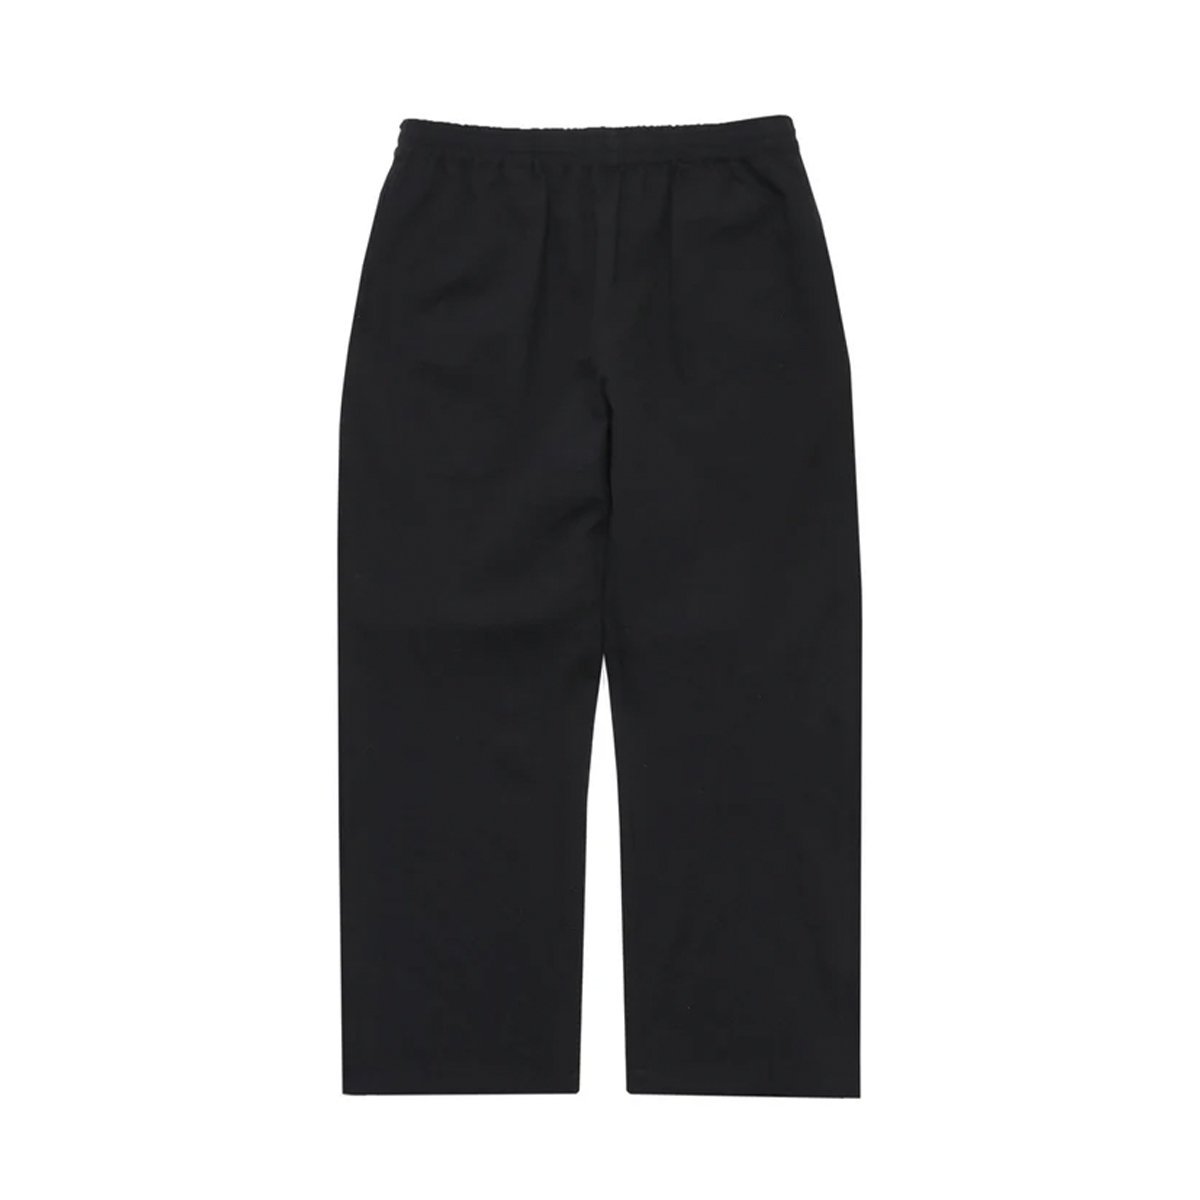 <img class='new_mark_img1' src='https://img.shop-pro.jp/img/new/icons8.gif' style='border:none;display:inline;margin:0px;padding:0px;width:auto;' />WhimsySeersucker Beach Pants (Black)
                          </a>
            <span class=

### REQUIRED WORK
Write out all of the data above exactly, without any of its pictures.

### TASK OUTPUT
 <img class='new_mark_img1' src='https://img.shop-pro.jp/img/new/icons8.gif' style='border:none;display:inline;margin:0px;padding:0px;width:auto;' />WhimsySeersucker Beach Pants (Black)
                          </a>
            <span class=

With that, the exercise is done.